Intelligence reform in Europe has not necessarily coincided with ongoing democratization. As a result, argues Peter Gill, many intelligence agencies appear to be operating outside of established democratic norms, to include transparency and parliamentary oversight.

Democratization of the major coercive institutions of the state became a major enterprise in Europe after the end of the Cold War, with the primary focus of security sector reform (SSR) mainly on the police and armed forces. By comparison, however, the intelligence structures that were once central to authoritarian regimes have been relatively ignored.

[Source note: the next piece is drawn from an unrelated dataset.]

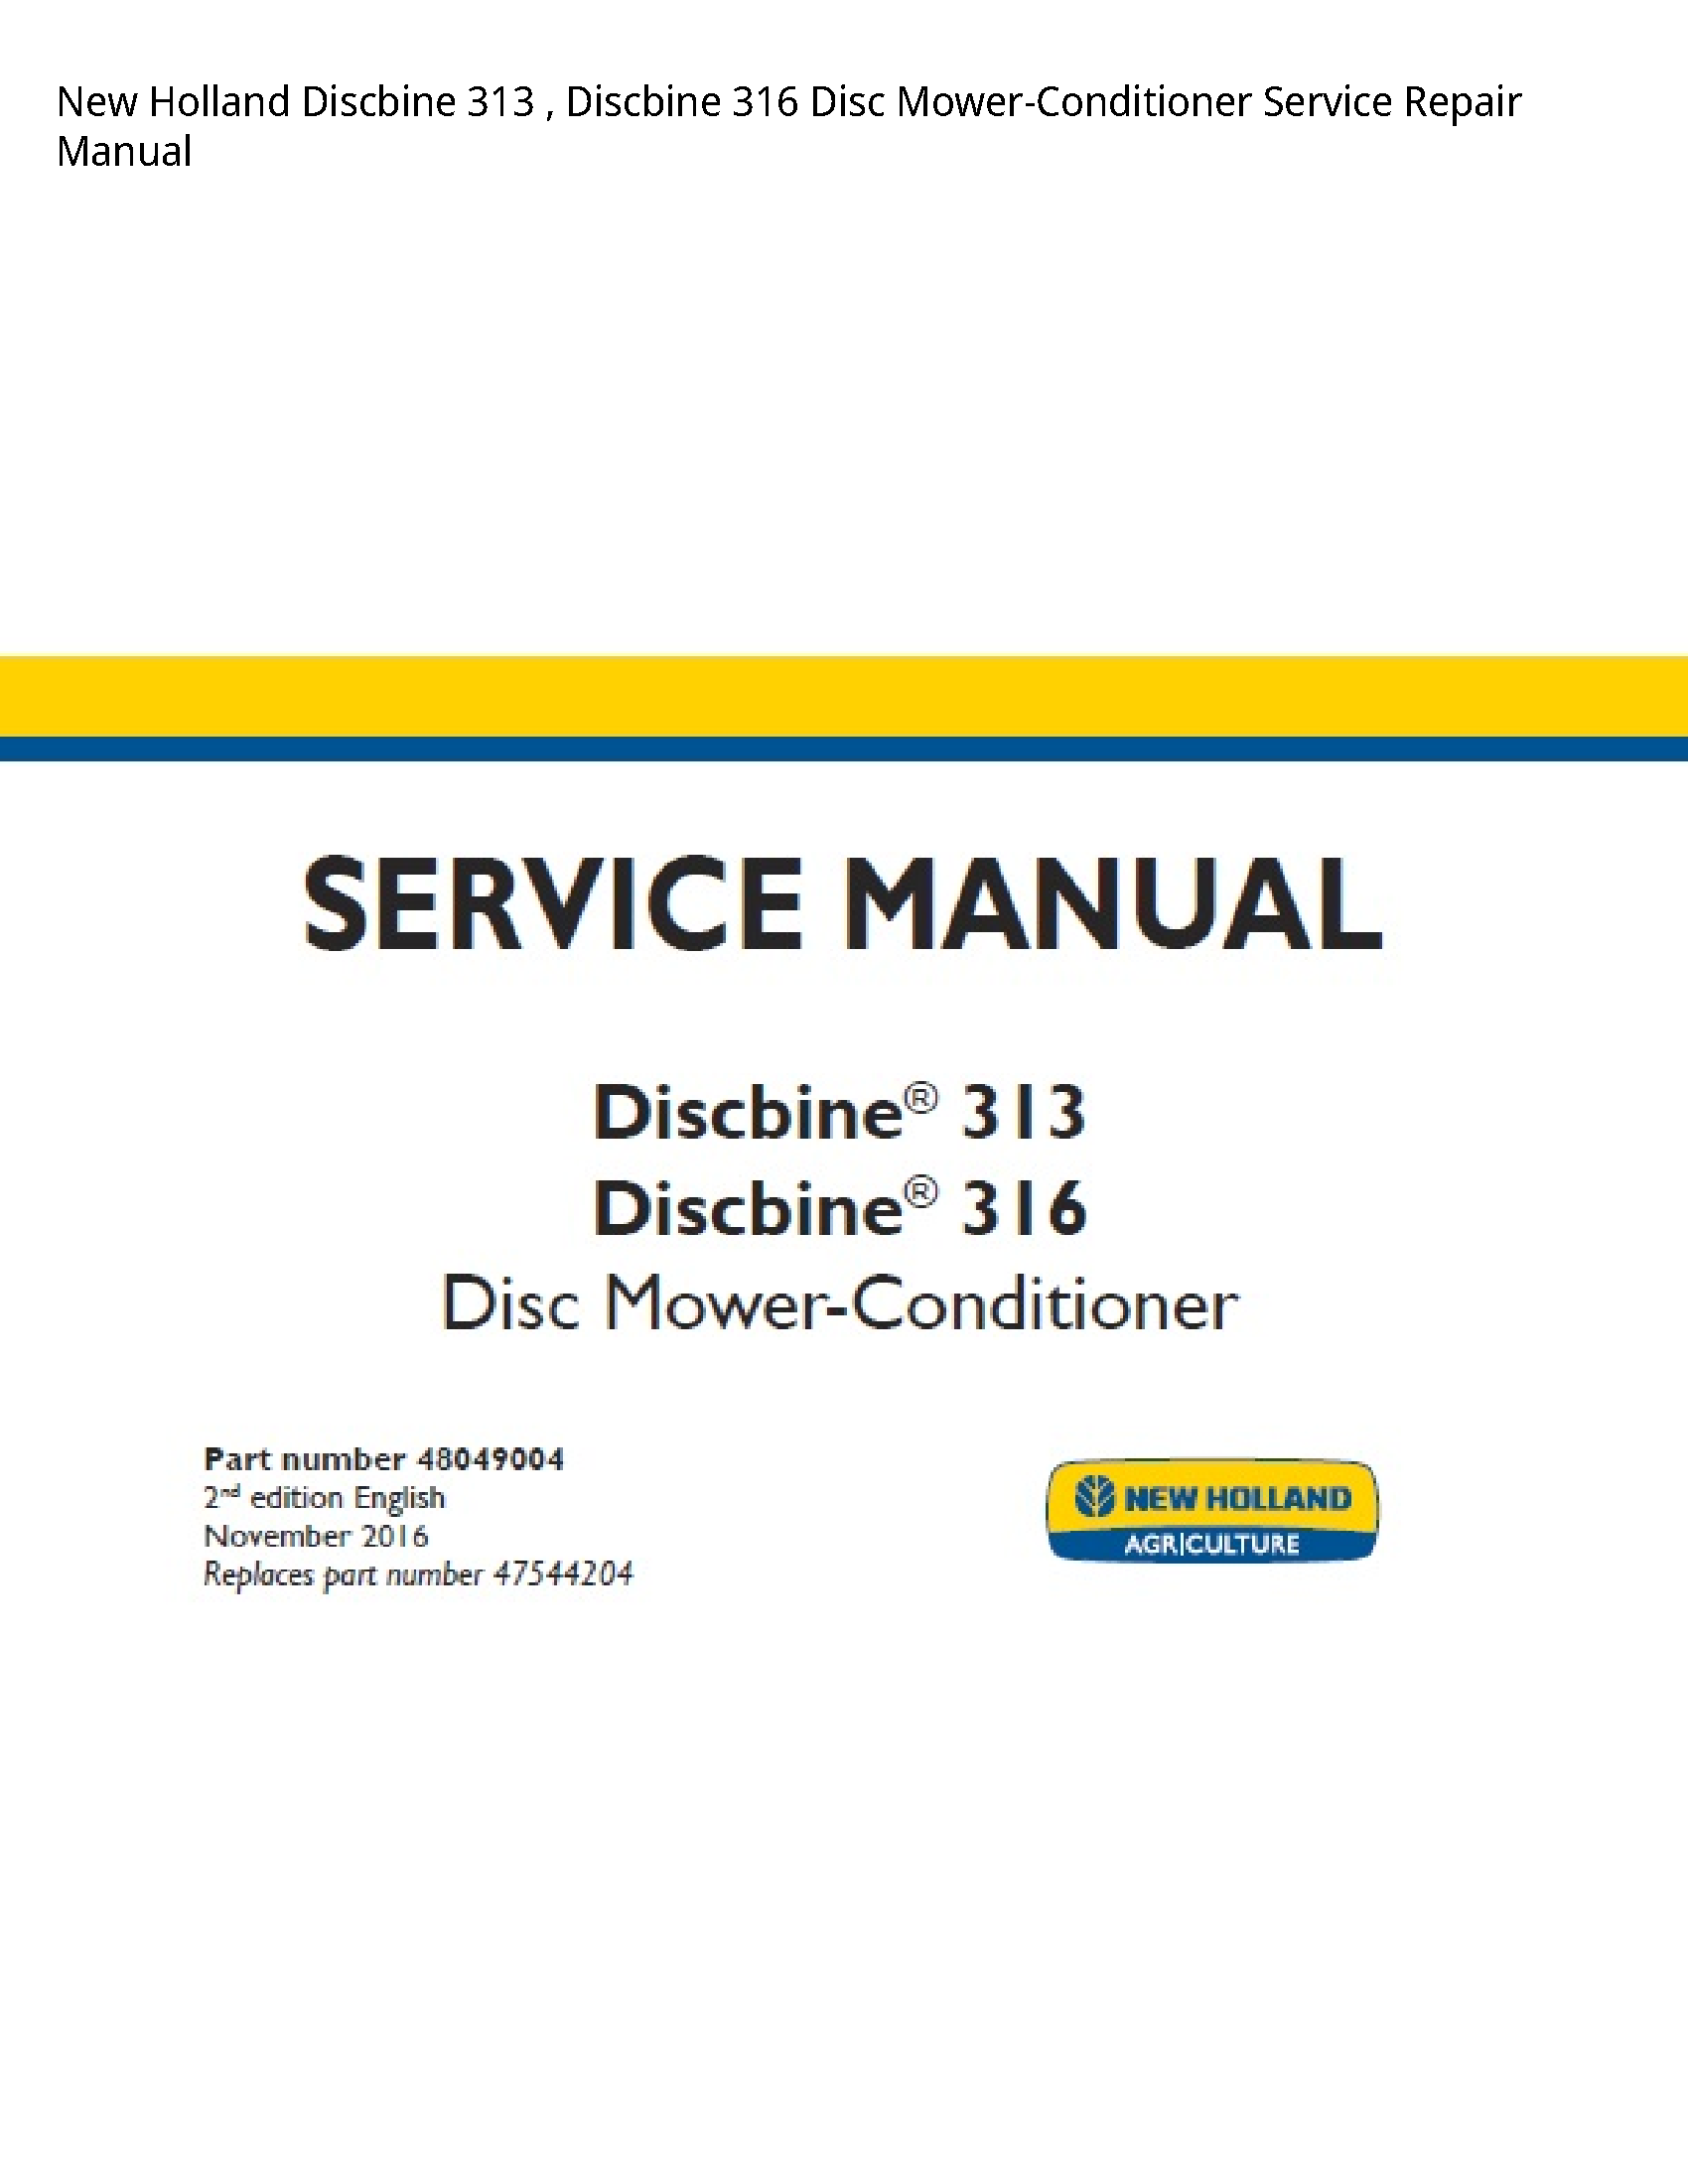 New Holland 313 Discbine Discbine Disc Mower-Conditioner manual

Democratizing Intelligence

In the ‘old’ democracies of Western Europe (as well as North America, Australia and New Zealand) intelligence reform has been taking place since the 1970s, with the main impetus for change being scandals involving abuses of power and human rights by the agencies. Typically, such scandals gave rise to legislative or judicial enquiries that resulted in new legal and oversight structures that could satisfy the European Convention on Human Rights. In the Netherlands and what was then West Germany, some democratic oversight of intelligence was established after the Second World War, in light of the experience of the Gestapo, but it was not until the start of Samuel Huntington’s so-called ‘Third Wave’ of democratization that further changes occurred. In Greece, Portugal and Spain, for example, the demise of dictatorships in the mid-1970s started the de-militarization of intelligence, although it was ten years or so before civil intelligence agencies became firmly established. In the countries of the former Soviet bloc, no agency has been immune to change since 1989 – even if the amount of real, as opposed to nominal, reform varies widely.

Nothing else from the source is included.